**Problem statement**.
Would you please set down, word for word, the lines from the one with "Rainbow colored dragon, perhaps" through the final line of the data below, omitting any pictures?

**Information provided**.
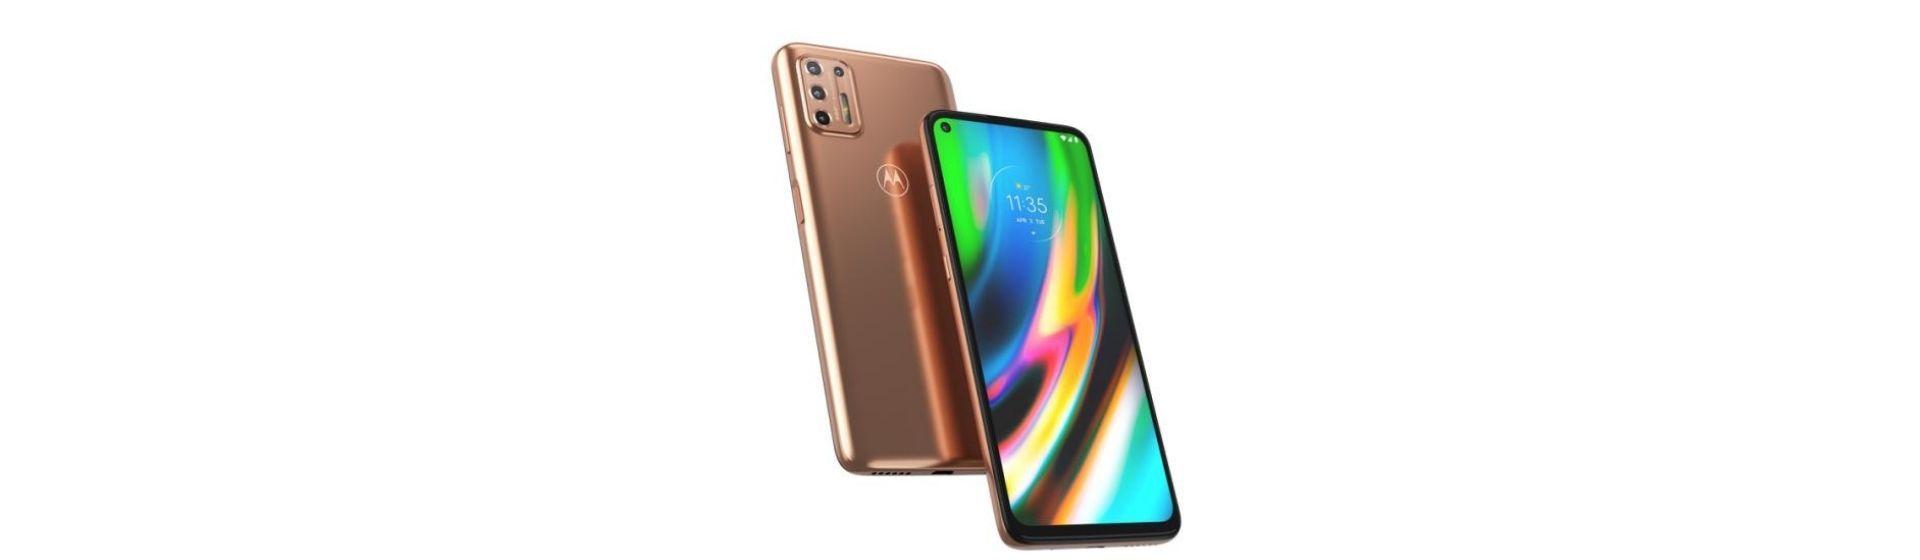 Moto G9 Plus: confira a análise técnica desse celular Motorola
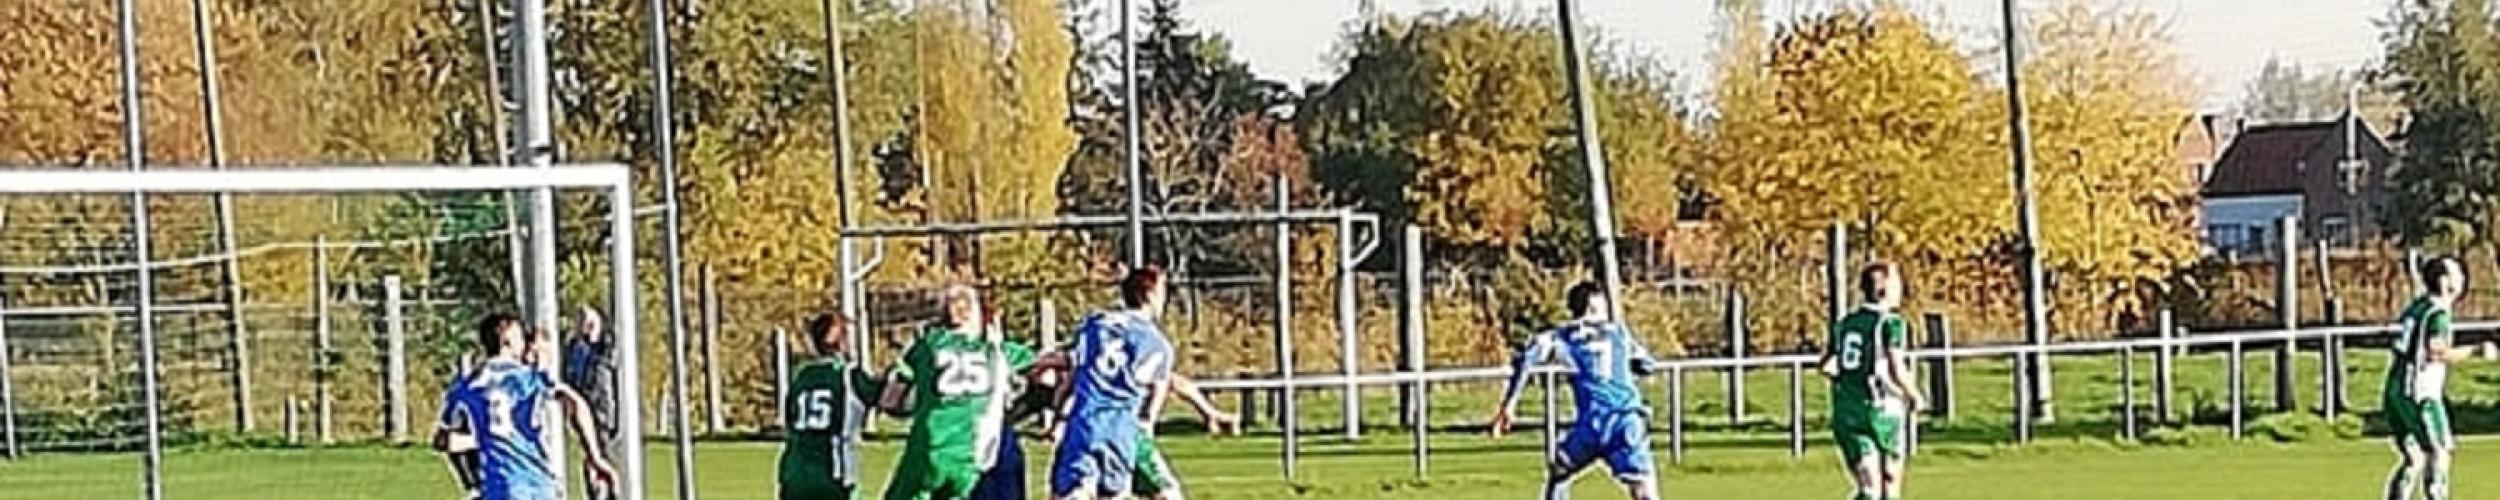 Voorbereiding 1e Elftal & beloften seizoen 2020-2021
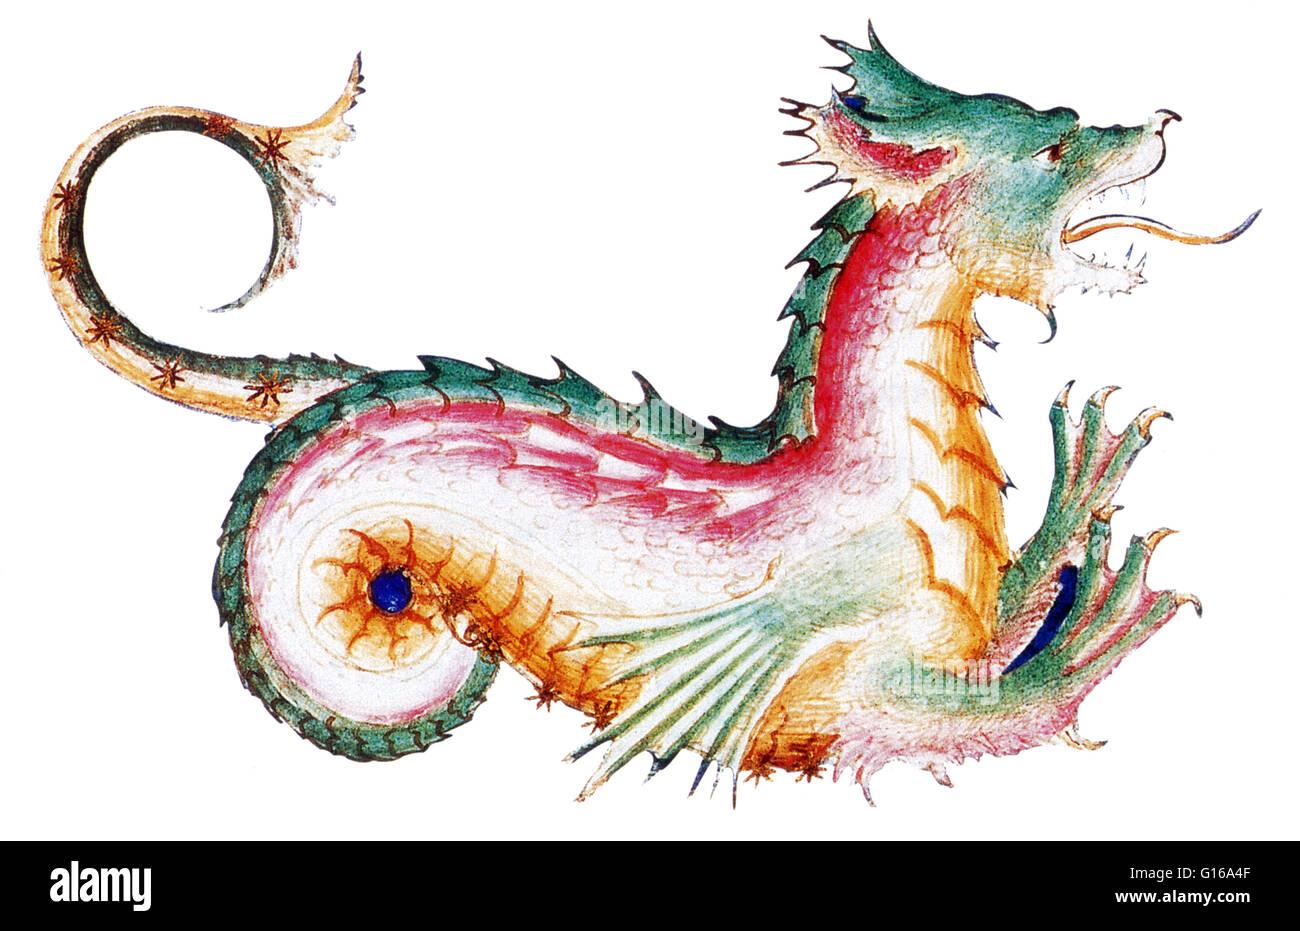 Rainbow colored dragon, perhaps the constellation Draco, illustrates a 15th century manuscript of De Sideribus Tractatus - Stock Image
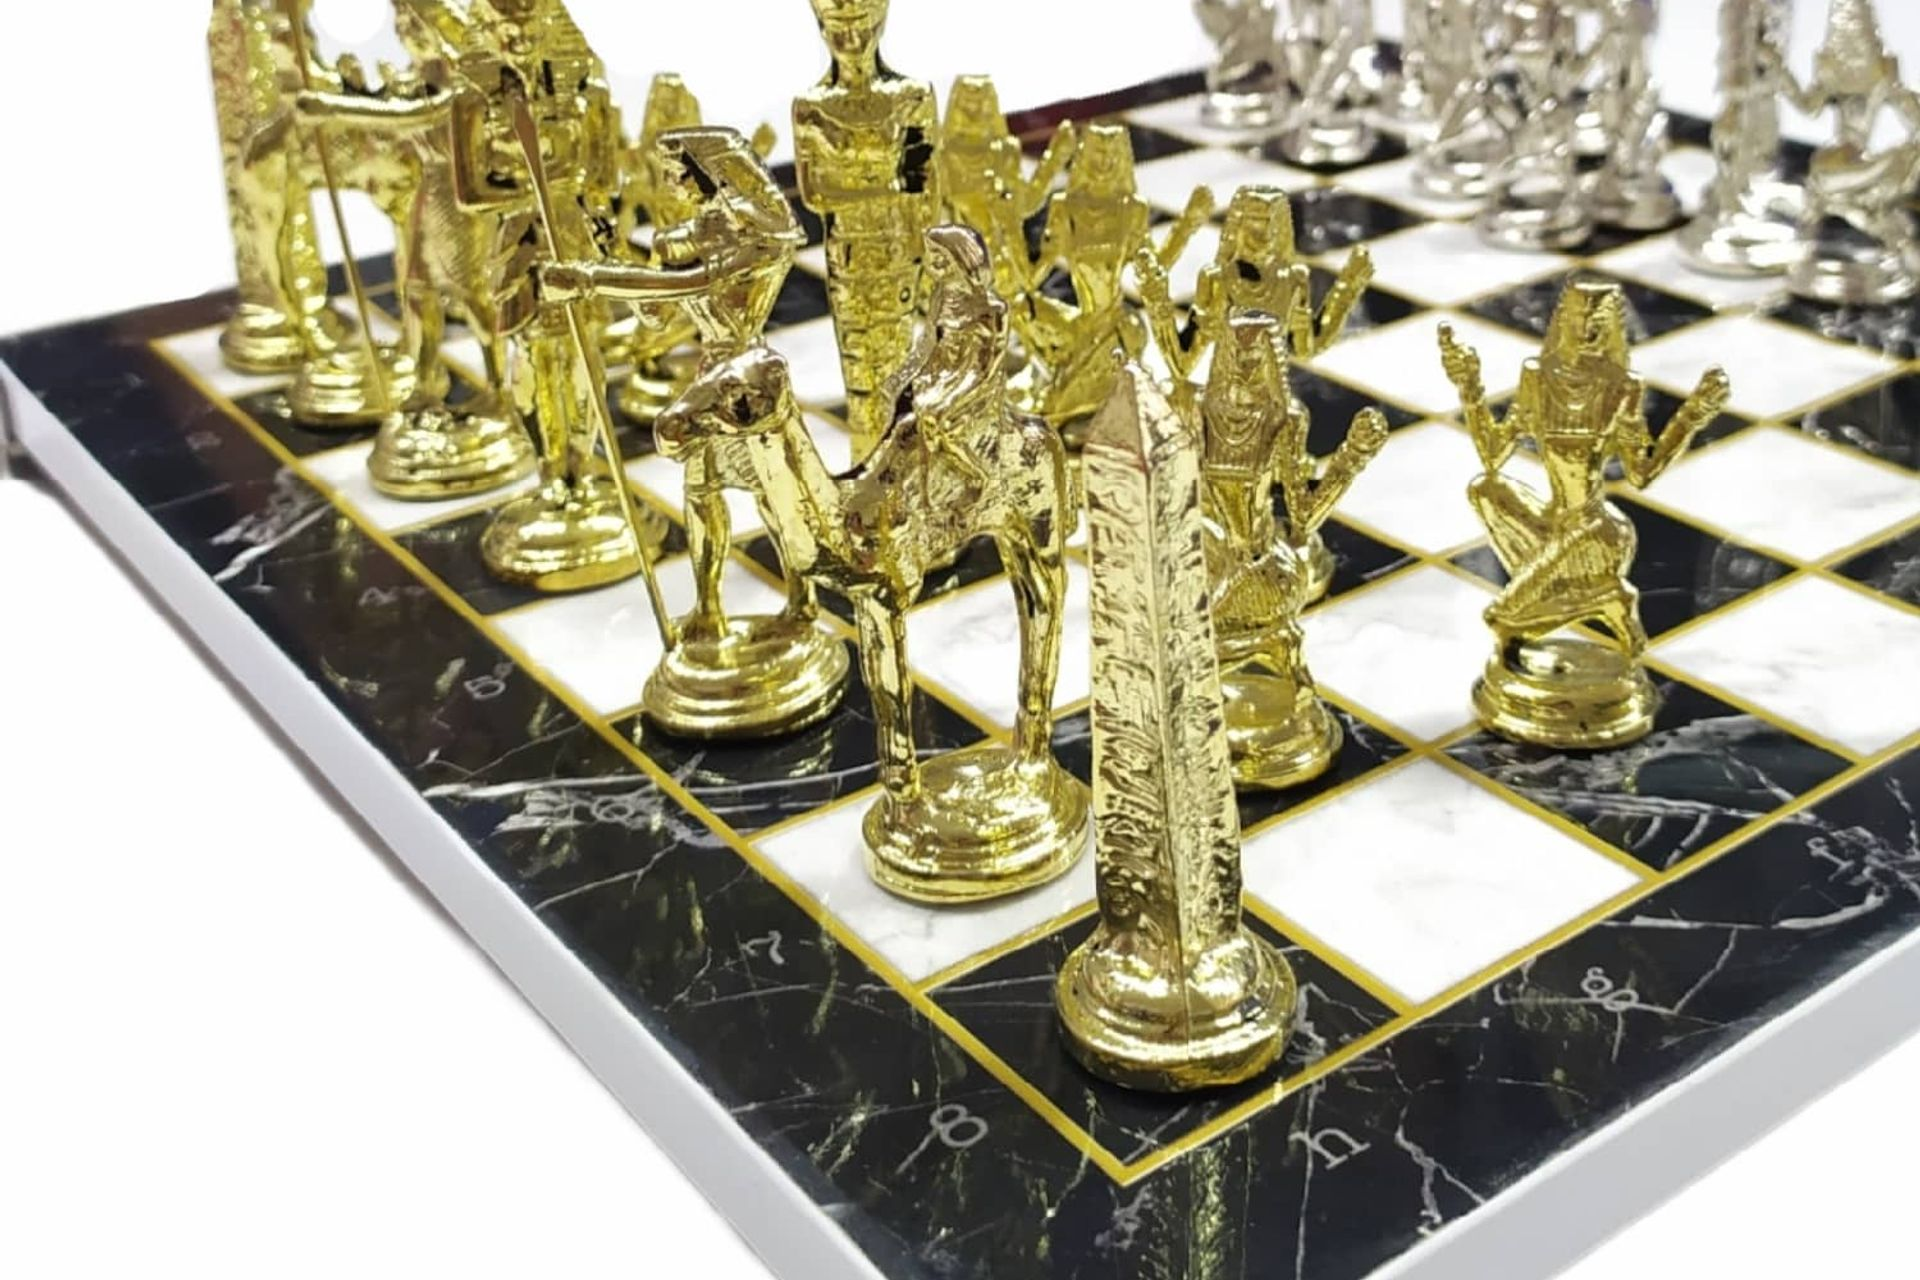 LİVAVA MEZOPOTAMYA FİGÜRLÜ SATRANÇ SETİ MERMER TABLALI GÜMÜŞ ALTIN

**Answer box**.
 Rainbow colored dragon, perhaps the constellation Draco, illustrates a 15th century manuscript of De Sideribus Tractatus - Stock Image
 LİVAVA MEZOPOTAMYA FİGÜRLÜ SATRANÇ SETİ MERMER TABLALI GÜMÜŞ ALTIN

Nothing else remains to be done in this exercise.